Treaty principles reinforced
Even though the outcome of the Supreme Court decision is the same as the outcome of the High Court decision, the Supreme Court overrules one key aspect of Justice Ronald Young’s reasoning.  Justice Young found that the proposed sale of shares in Mighty River Power was not subject to an action in judicial review that is based on consistency with the principles of the Treaty of Waitangi.  However, the Supreme Court disagreed, drawing for support on the approach of the Court of Appeal in the 1987 SOE case:

The Court of Appeal’s recognition that s 9 stated a fundamental principle guiding the interpretation of legislation which addressed issues involving the relationship of Maori with the Crown, must accordingly form the basis of the approach of New Zealand courts to any subsequent legislation requiring that the Crown act consistently with Treaty principles. The judgment gives no support to narrow approaches to the meaning of such clauses. In re-enacting the identical provision to act consistently with Treaty principles, in the mixed ownership companies legislation, Parliament’s purpose is that the Treaty provisions in Part 5A carry the broad meaning, and be given the broad application reflected in the judgments of the Court of Appeal concerning s 9 in the SOE case. The Parliamentary purpose is clear: s 45Q must receive the same interpretation as s 9 of the State-Owned Enterprises Act has received, particularly from the Court of Appeal in the SOE case, and also from the Privy Council in New Zealand Maori Council v Attorney-General (Broadcasting Assets case). Section 45Q brings with it the heritage of s 9 and this Court, reflecting what is the purpose of Parliament, must invest it with equivalent significance. It is on that basis that we address the arguments of counsel concerning the legislation.

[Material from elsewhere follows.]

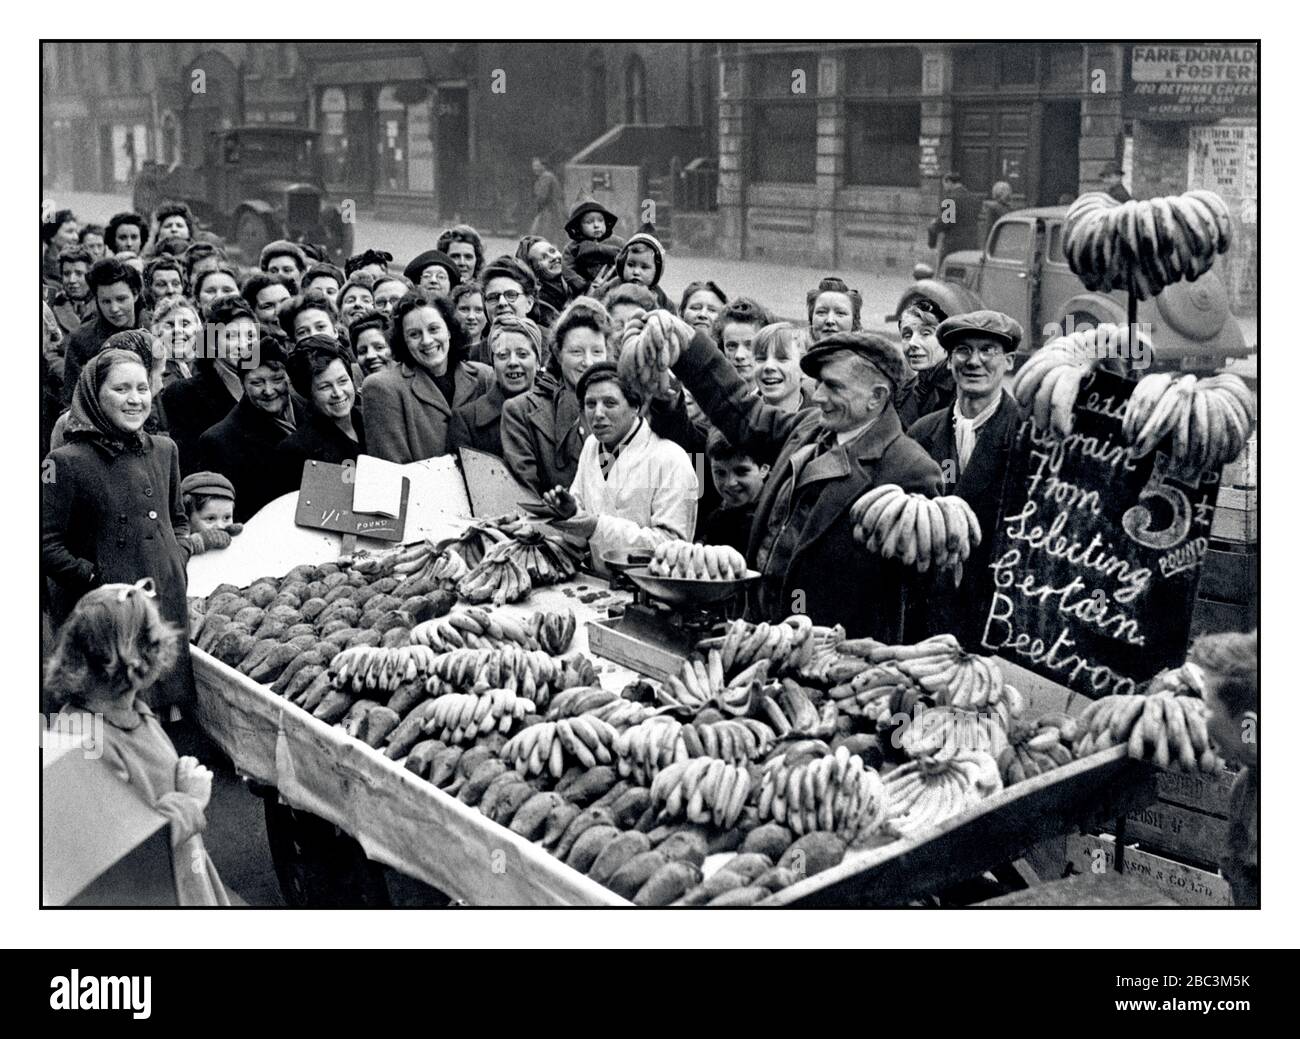 Vintage-Archiv 1940s Food Rationing Market Stall 1946 Post war WW2 Frische Bananen und Rote Beete werden in East End London verkauft, mit einer Menge sehr eifriger Kunden rund um den Stall Bethnal Green London UK Stockfoto

Consequently, the Supreme Court determined that decisions in relation to the sale of shares in Mixed Ownership Model companies can be challenged on the basis of inconsistency with the principles of the Treaty of Waitangi.  This is, I think, an important re-strengthening of Treaty principles.

Redress and material impairment
Nevertheless, the Court went on to conclude that, because there was no ‘material impairment’ to the Crown’s ability to recognise Māori rights or provide redress, the sale of shares would not be inconsistent with Treaty principles.  The Court sets out its approach to this issue as follows:

As is apparent, we are prepared to accept that privatisation may limit the scope to provide some forms of redress which are currently at least theoretically possible. But in assessing whether this amounts to “material impairment”, regard must be had to (a) the assurances given by the Crown, (b) the extent to which such options are substantially in prospect, (c) the capacity of the Crown to provide equivalent and meaningful redress, and (d) the proven willingness and ability of the Crown to provide such redress.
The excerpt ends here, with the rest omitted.